Haystack

This is actually old news; Haystack was shut down permanently about two weeks ago, shortly after I read about it. However, this has been nagging me ever since, so I’ll write it down anyway, just to get it out of my head.

The thing that struck me the most about the articles I read about Haystack is that, although some people have questioned the strength of its crypto, no-one pointed out what seems obvious to me:

Haystack cannot possibly work, for reasons which have little to do with cryptography.

I am not an expert, and my knowledge of Haystack is limited to what Jillian York, Evgeny Morozov and a few others have written. I would have been interested to see what Bruce Schneier made of it, but all he’s said is basically “I don’t know enough about it to comment, but go read what Jillian York and Evgeny Morozov have to say about it”. Still, here is a brief summary of my thoughts about Haystack.
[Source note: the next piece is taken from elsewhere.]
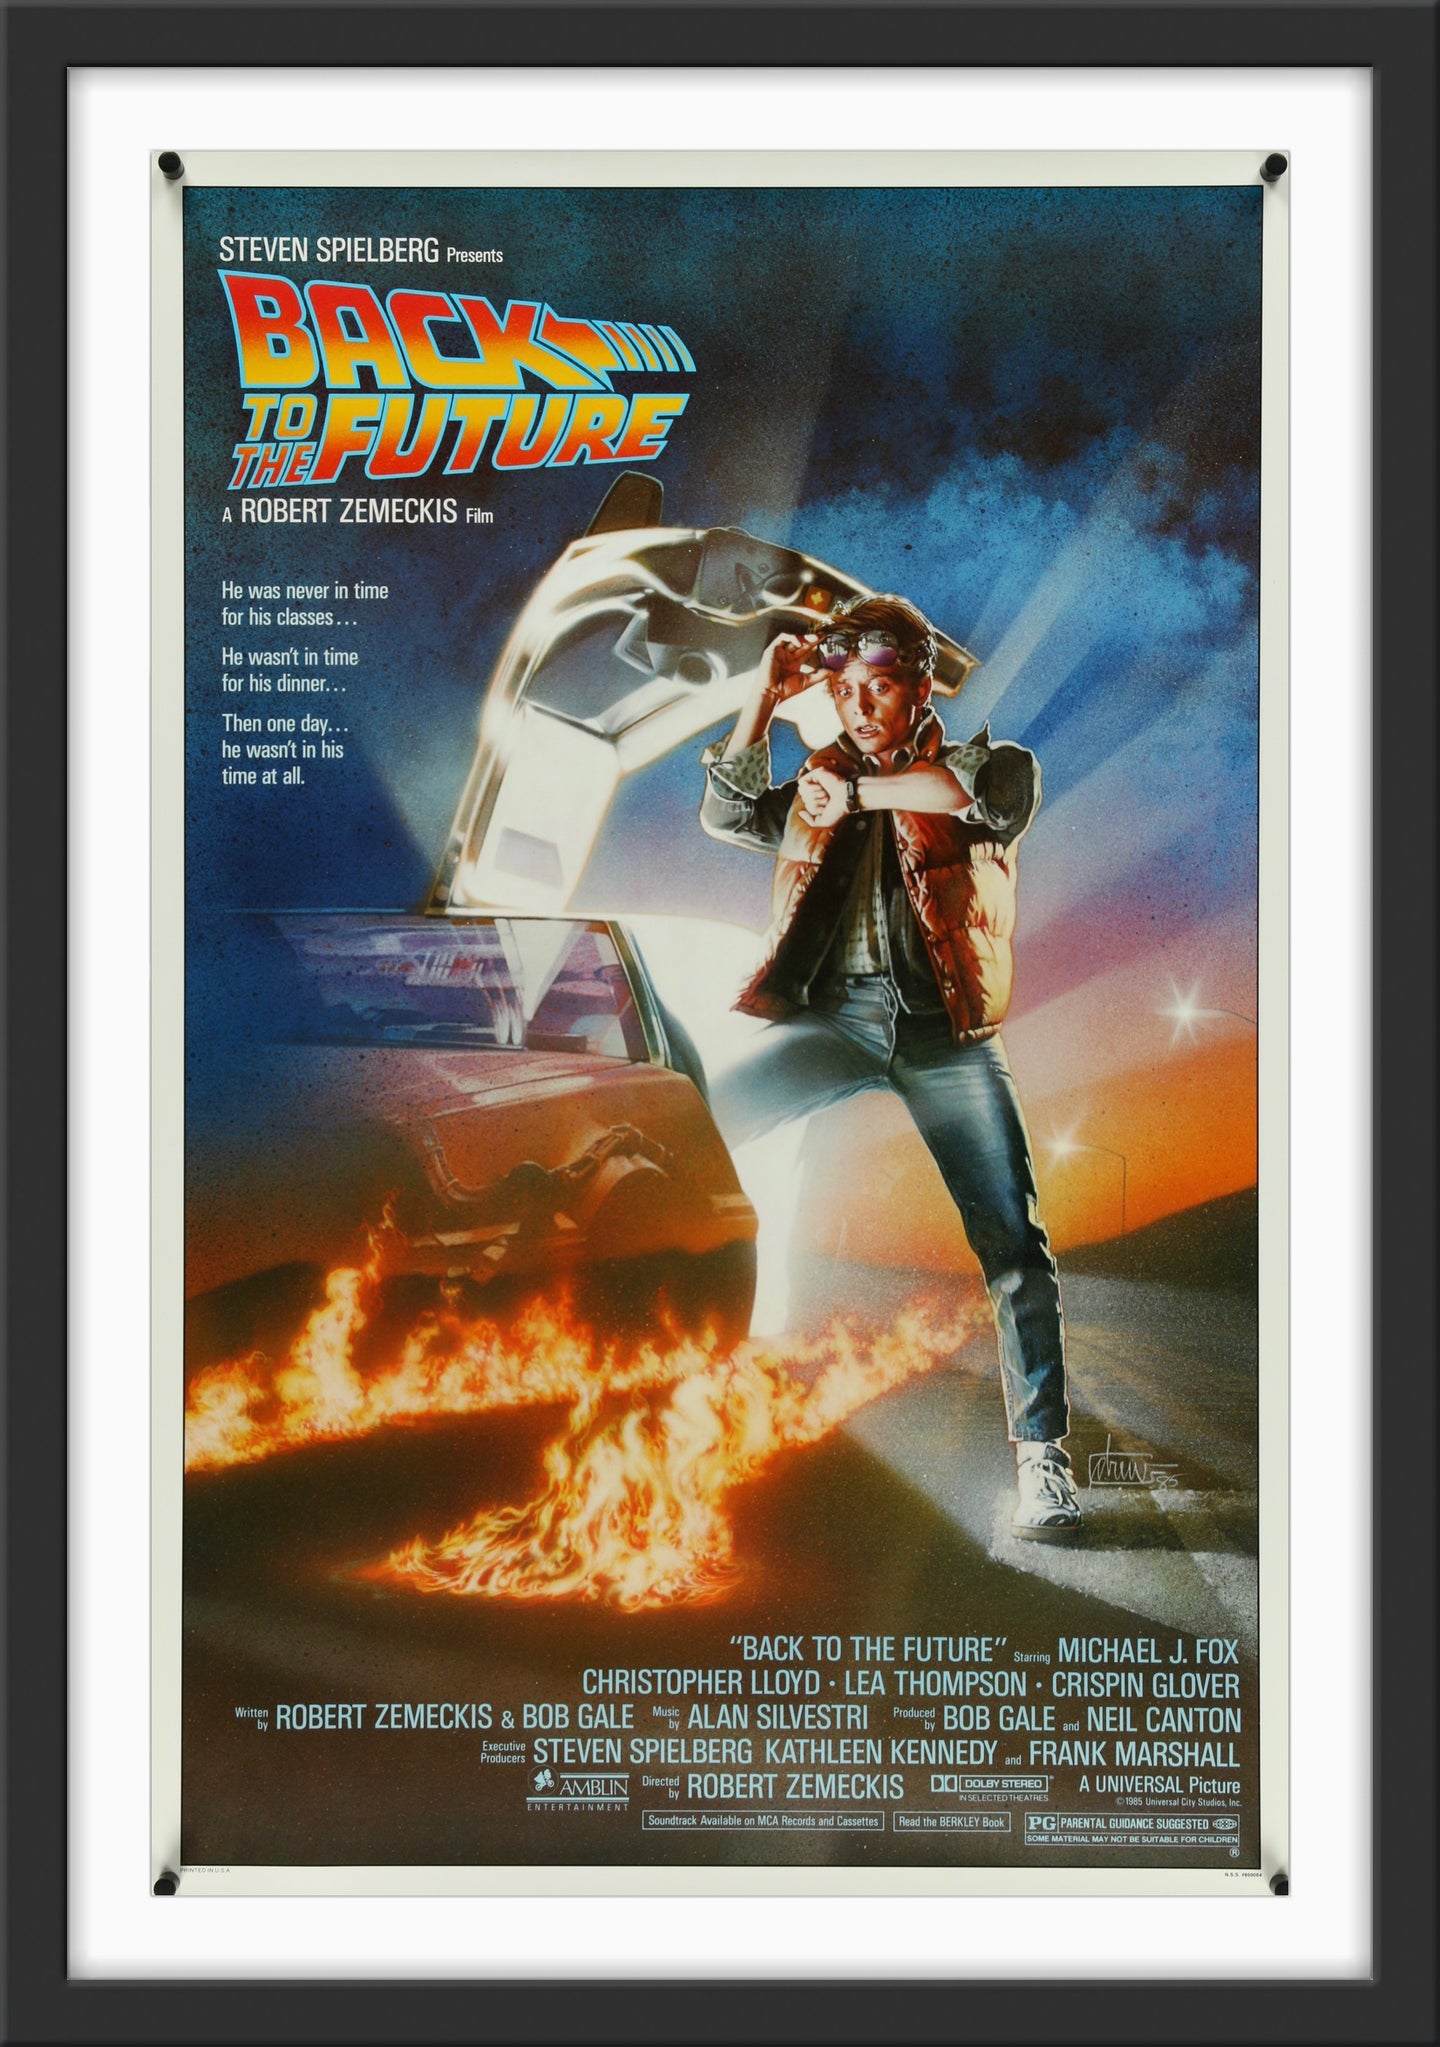 An original movie poster for the film Back To The Future
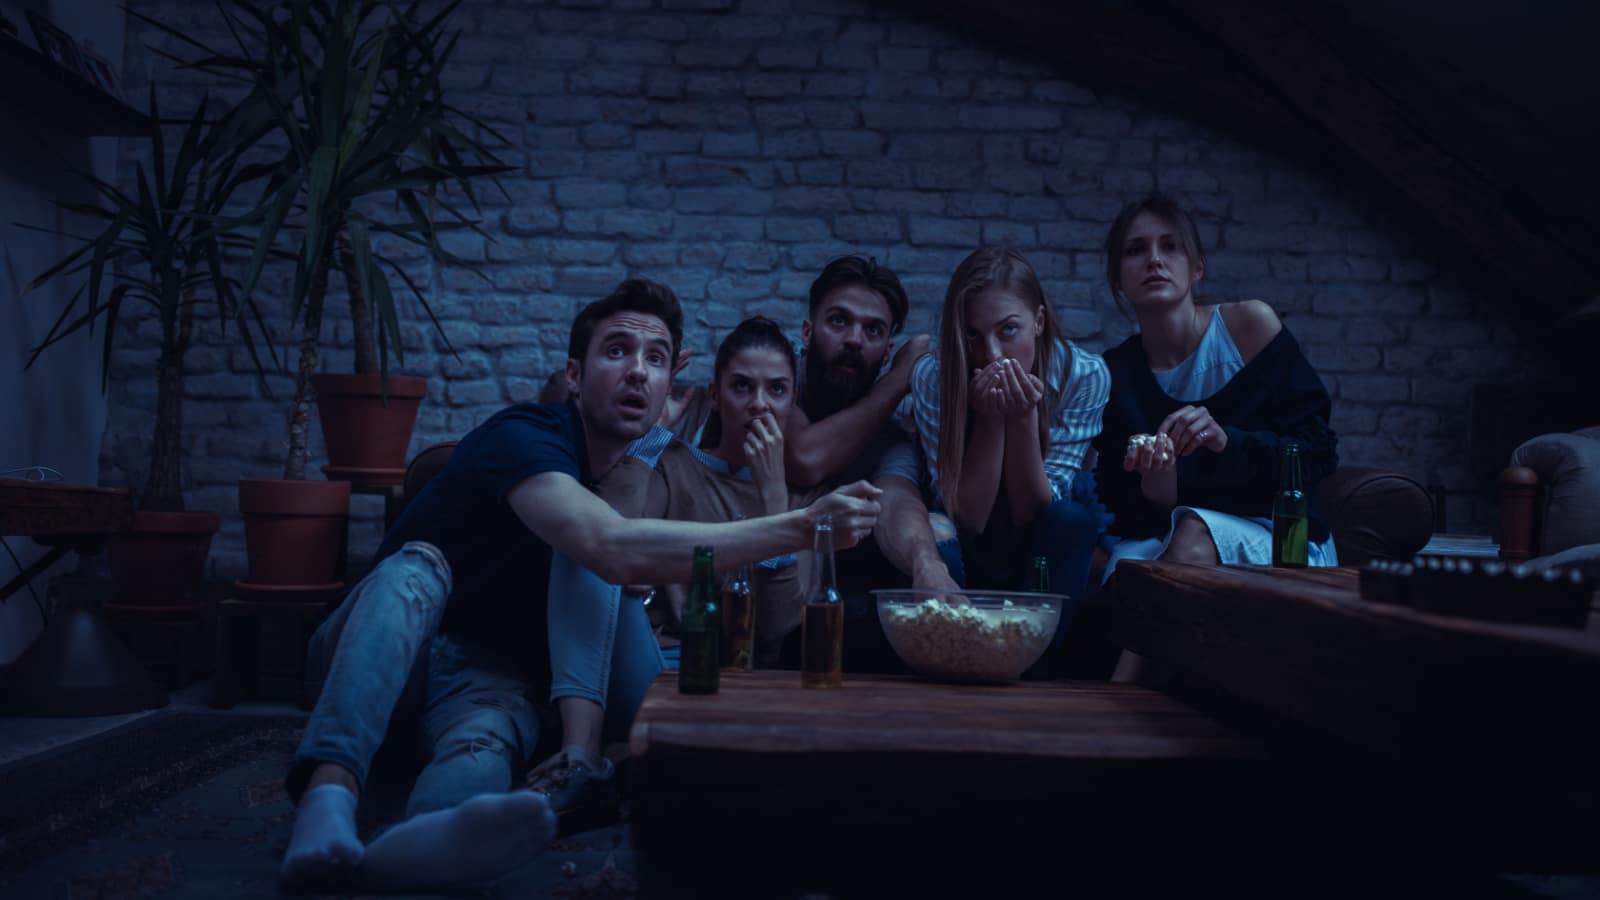 Group of friend watching scary movie at home

[If you’re not already familiar with the basics of cryptography and infosec, I recommend reading Neal Stephenson‘s novel Cryptonomicon, which is a highly entertaining way to learn about them. If you have a copy of Dan Brown’s Digital Fortress, or any novels by Tom Clancy, John Grisham etc. that mention the use of cryptography, burn them; they’re not just inaccurate, they’re pure fantasy and describe systems which are either trivially breakable or provably impossible.]

First, my personal opinion of Heap et al. is that they are essentially clueless. Although I can’t find a direct quote, I recall that Bruce Schneier once said that he regretted writing his seminal work, Applied Cryptography because it gave people who do not understand information security the idea that it was just a small matter of programming. That’s exactly what I think of Heap. Perhaps he’s even read Applied Cryptography.

Haystack is supposedly based on steganography. Steganography works just fine under the right circumstances, but it is a very low-bandwidth communication channel. To successfully hide a message, you need a lot of covertext; or, to put it in other terms, to successfully hide a needle, you need a haystack. That’s fine when the message you’re transmitting is short (e.g. “BEGIN ATTACK ON PEARL HARBOR AT 06:00 TOMORROW” or a tweet), but not when it is, say, a Skype conversation. Let’s use the photo on Jillian York’s blog as a unit of measure; call it a jill. A single second of compressed audio might require two or three jills, at the very least. A copy of this blog post, with all the HTML and CSS frills: around ten or twenty jills. A copy of Haystack: several kilojills (I’m guessing, since I don’t have a copy of Haystack, but my guess is in the low end of the range for a program of that complexity).

Think about it: a typical residential broadband connection in the US or Western Europe can transfer about one jill per second. What kind of bandwidth do these Iranian dissidents have available? I don’t know, but my guess is: a lot less. If Haystack’s steganography is effective, it can not handle a Skype conversation, even a voice-only one.

Furthermore, a Skype client transmits about as much as it receives, while a typical web session transmits very little data and receives a lot. A typical web browser will transmit about two millijills to request a copy of your photo; that’s a 1:500 ratio. Even if a Haystack user has enough bandwidth to carry on a Skype conversation, it would stick out like a sore thumb.

(How the hell did they expect to generate all that innocuous traffic, by the way? I won’t even speculate.)

This brings me to my next argument. Haystack seems to be based on the assumption that Iranian censors aren’t looking for it, or anything else like it. This is infosec fallacy #1: that security is a product, something you can buy and install and you’re good. It’s not. Security is a process, and a continuous process at that. The opposition will adapt, so you must too.

Heap allegedly had a copy of the operating manual for Iran’s internet filter; if so, Haystack was presumably designed to circumvent what that document described. I wonder if it ever occurred to them to question the document’s authenticity, accuracy and completeness.

Haystack has been so widely publicized that if it had gone into production, so to speak, Iranian authorities would most definitely have started looking for it. Actually, if their techs and spooks are any good, they’re already looking—not for Haystack in particular, not even for that type of tool in general, but for suspicious-looking communication patterns. This is called traffic analysis. It doesn’t matter if they can’t figure out what’s being said; I get the impression that they’re not hampered by western notions of due process of law, so anyone who generates suspicious traffic patterns might just disappear, and reappear a few days later with a lot of bruises and a few teeth missing, or simply never reappear at all.

Finally, and most importantly… For Haystack to work, it needs to talk to a proxy server outside Iran that handles encryption and decryption. If Iranian authorities did decide to go after Haystack users in particular, they could simply obtain a copy of the software, pass bogus traffic through it so as to identify Haystack servers, and look for Iranian IPs talking to the same servers. It doesn’t matter if Haystack keeps jumping from one server to another; they have a copy of the exact same software, so they can collect a complete list.

The authors of Haystack should have realized this within five minutes of dreaming it up.

Haystack never had a snowball’s chance in hell.